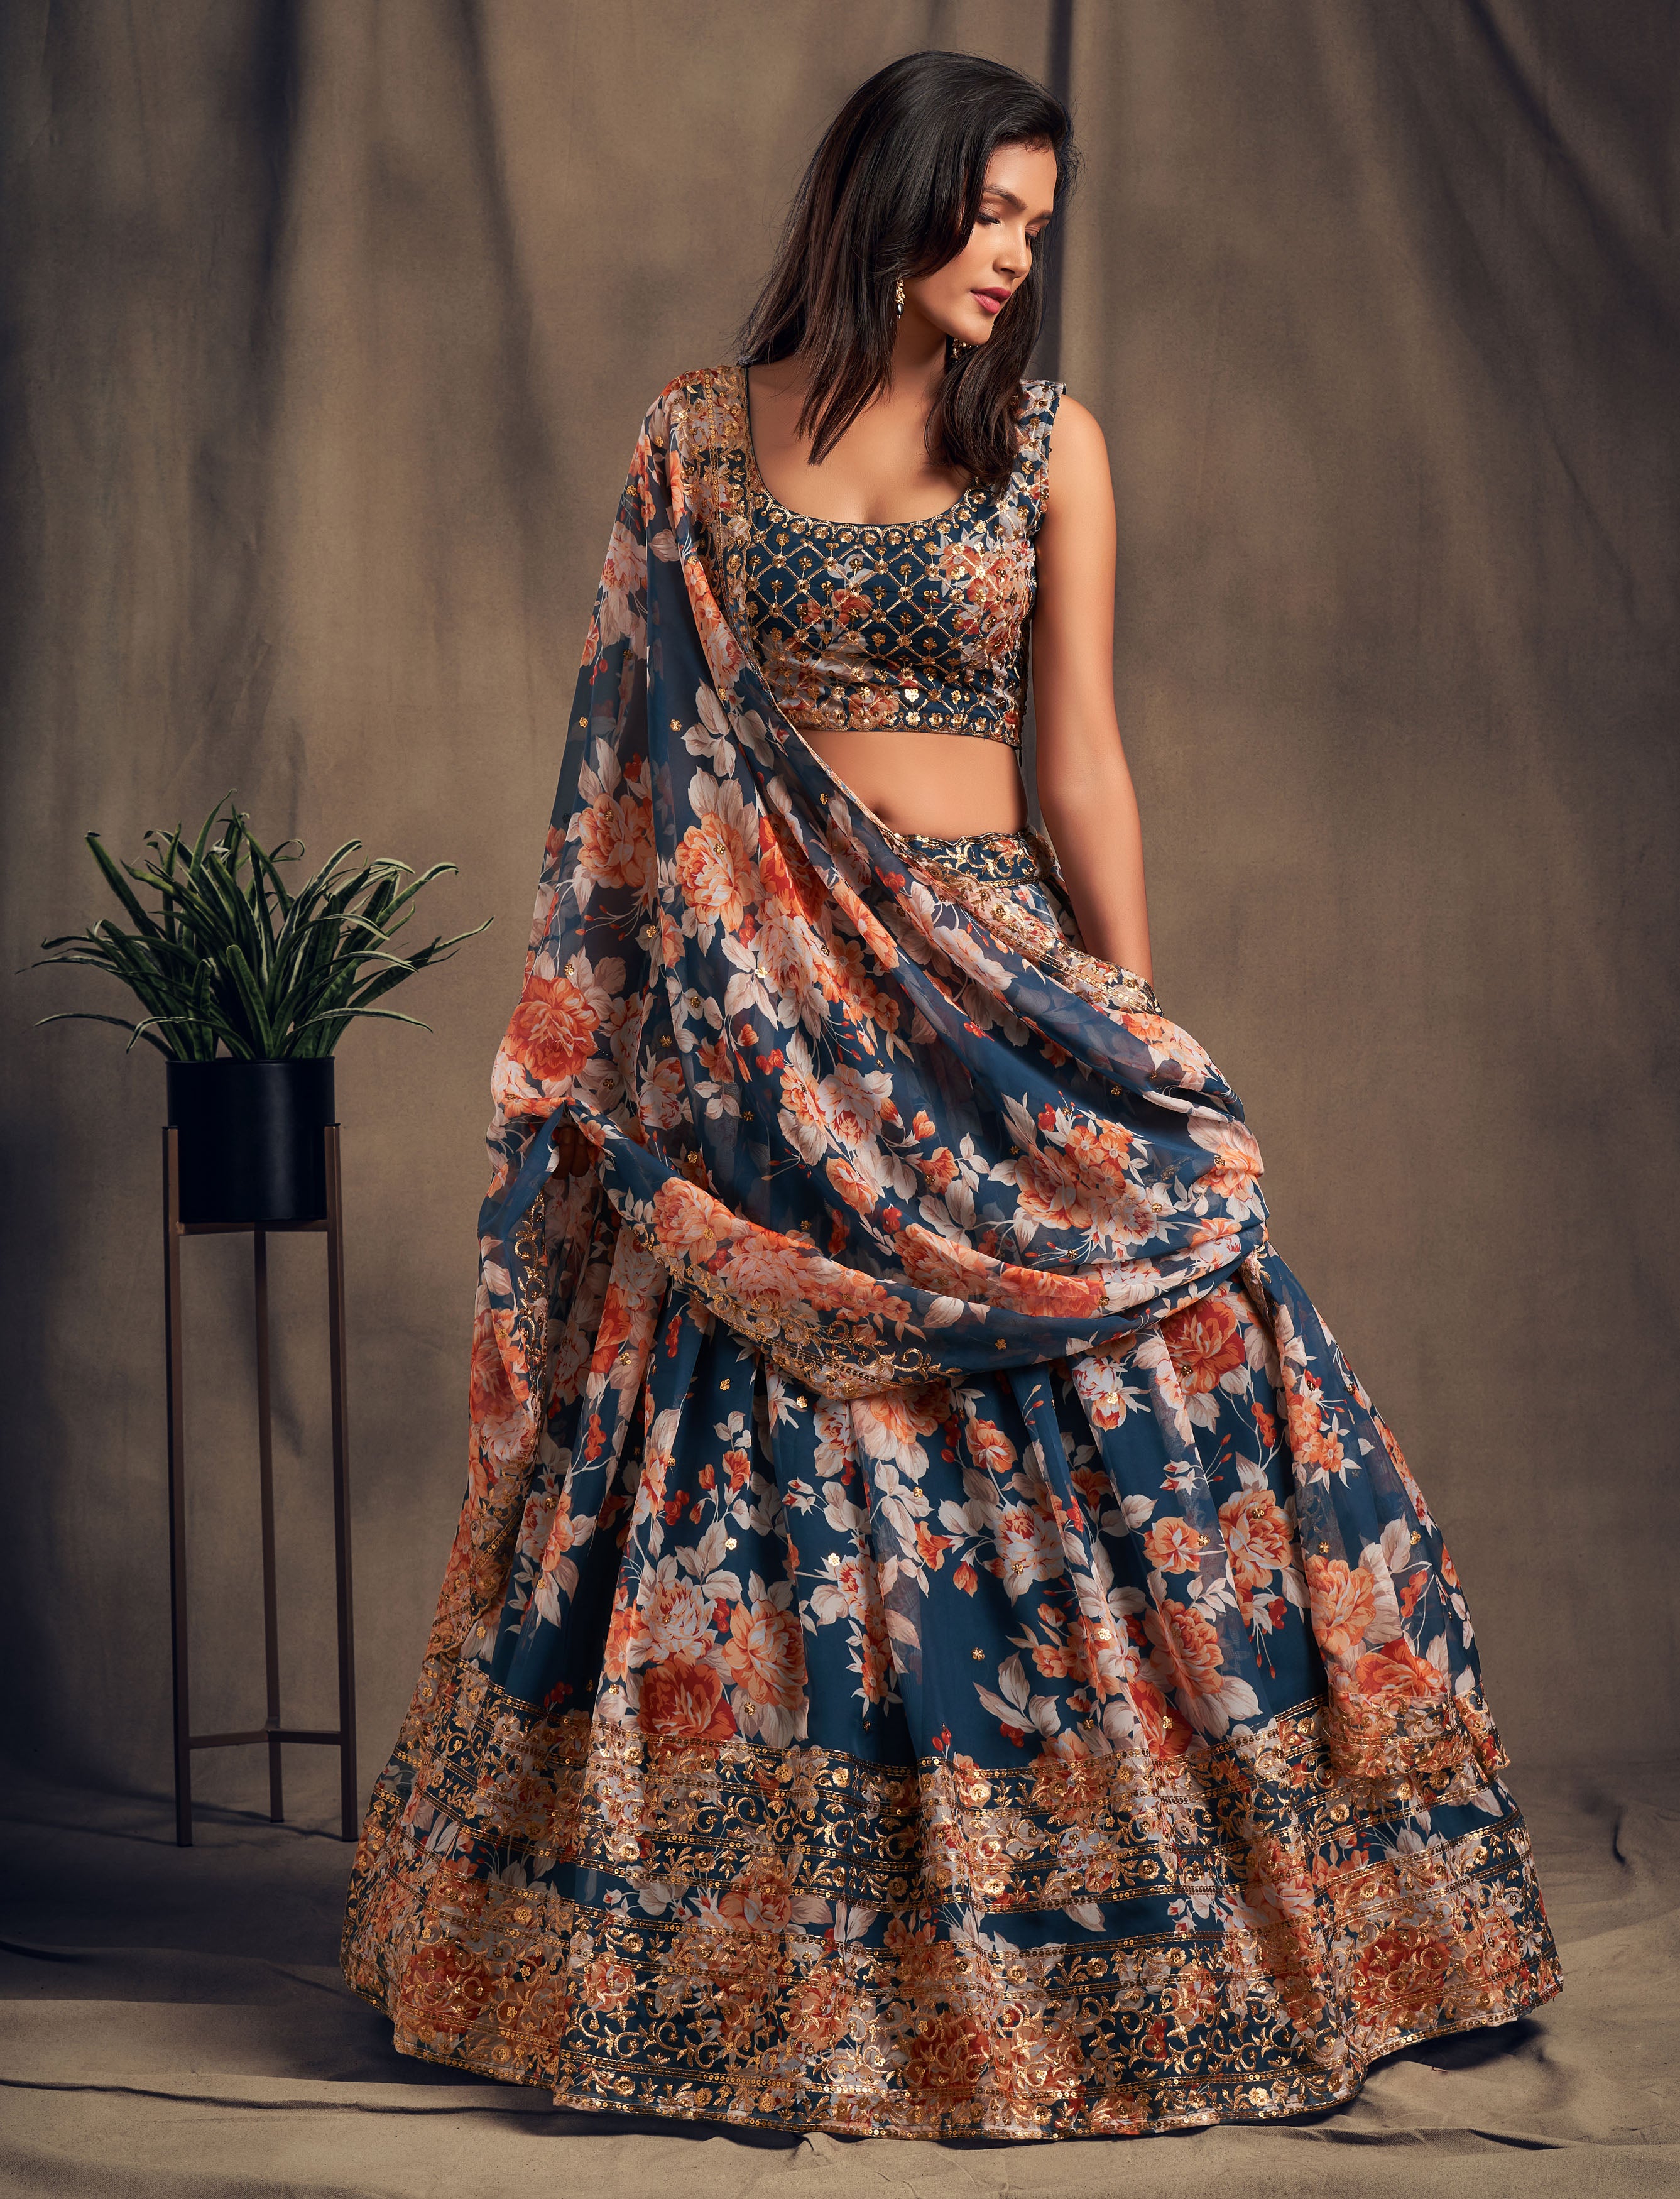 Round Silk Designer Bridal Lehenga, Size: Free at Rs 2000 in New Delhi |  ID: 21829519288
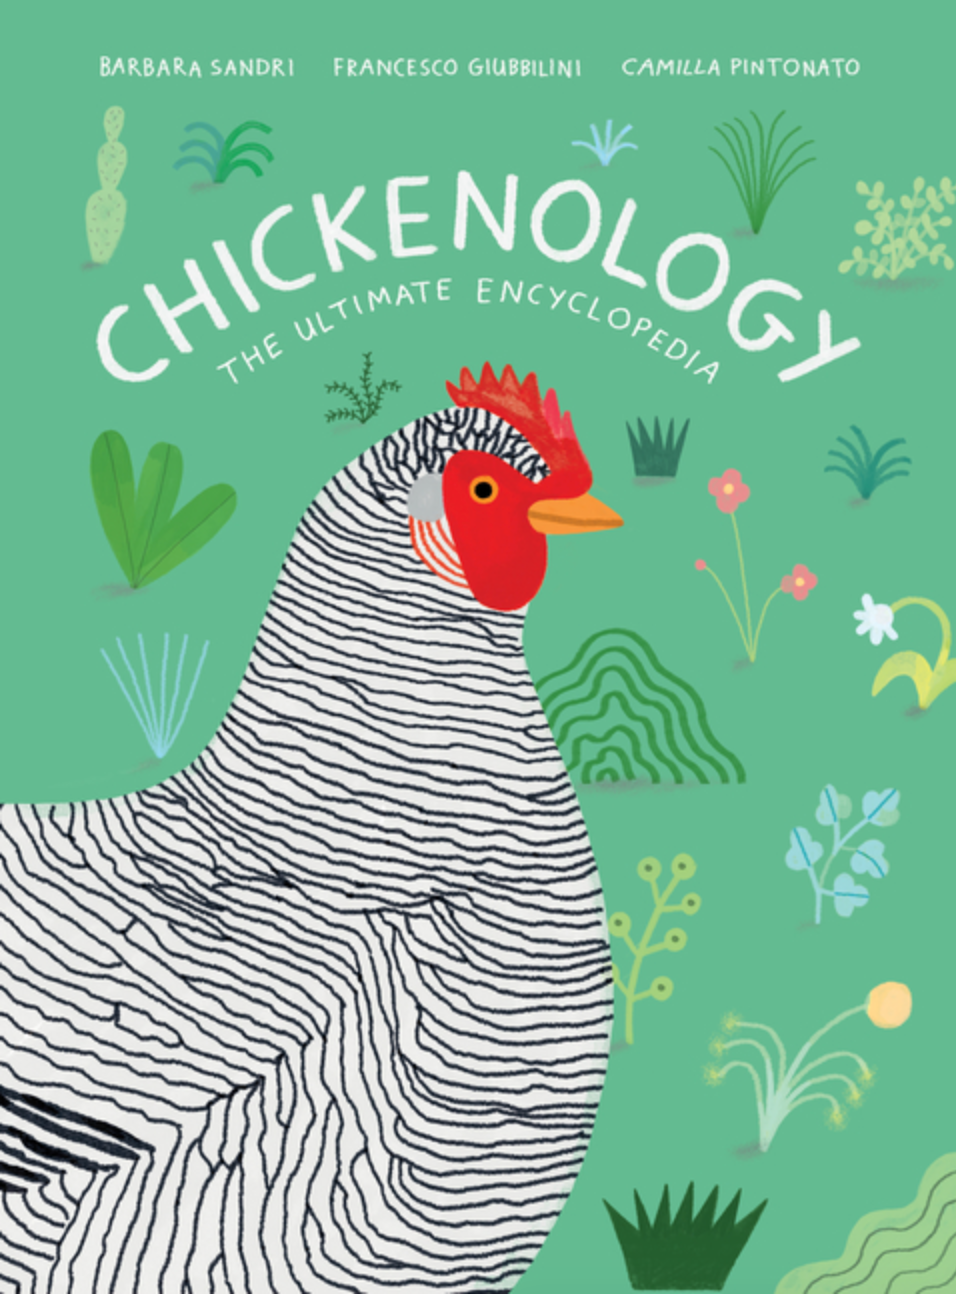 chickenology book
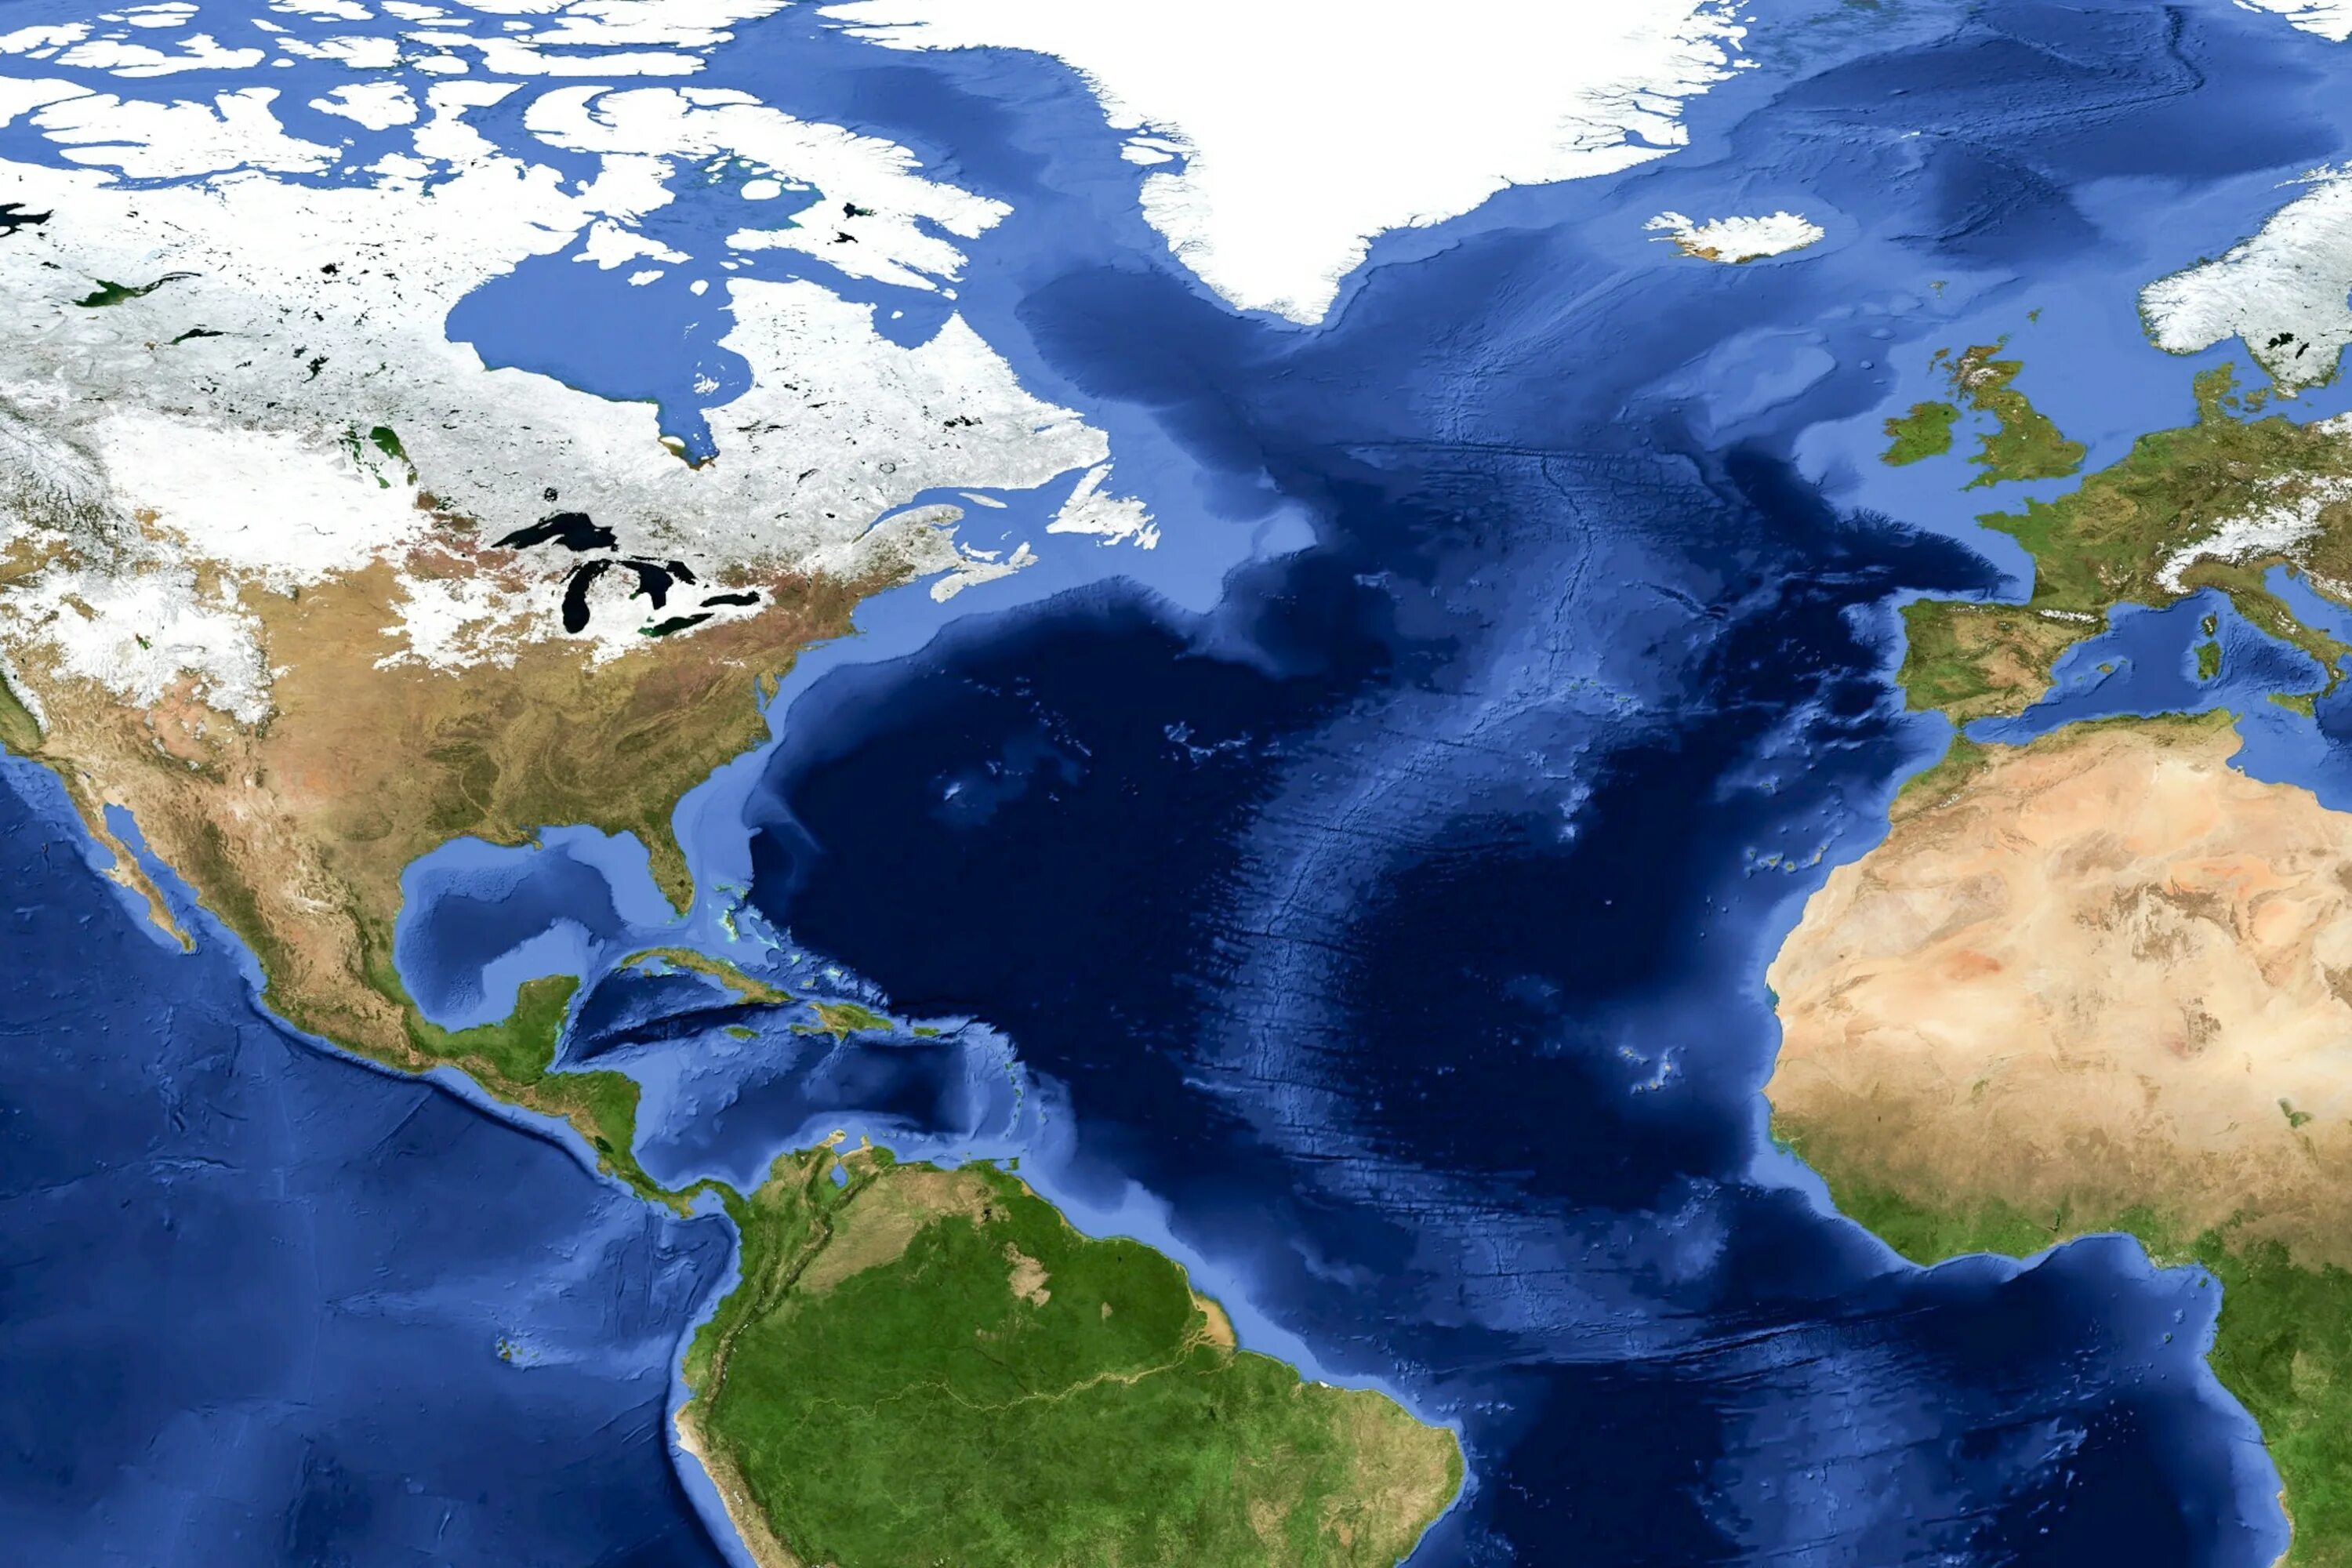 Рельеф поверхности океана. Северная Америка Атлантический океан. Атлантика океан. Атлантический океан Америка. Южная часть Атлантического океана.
- - - - - - -
TASK INSTRUCTIONS
Omit the pictures, then output the rest of the listing exactly.

RESPONSE TO THE EXERCISE
 Round Silk Designer Bridal Lehenga, Size: Free at Rs 2000 in New Delhi |  ID: 21829519288
 chickenology book
 Рельеф поверхности океана. Северная Америка Атлантический океан. Атлантика океан. Атлантический океан Америка. Южная часть Атлантического океана.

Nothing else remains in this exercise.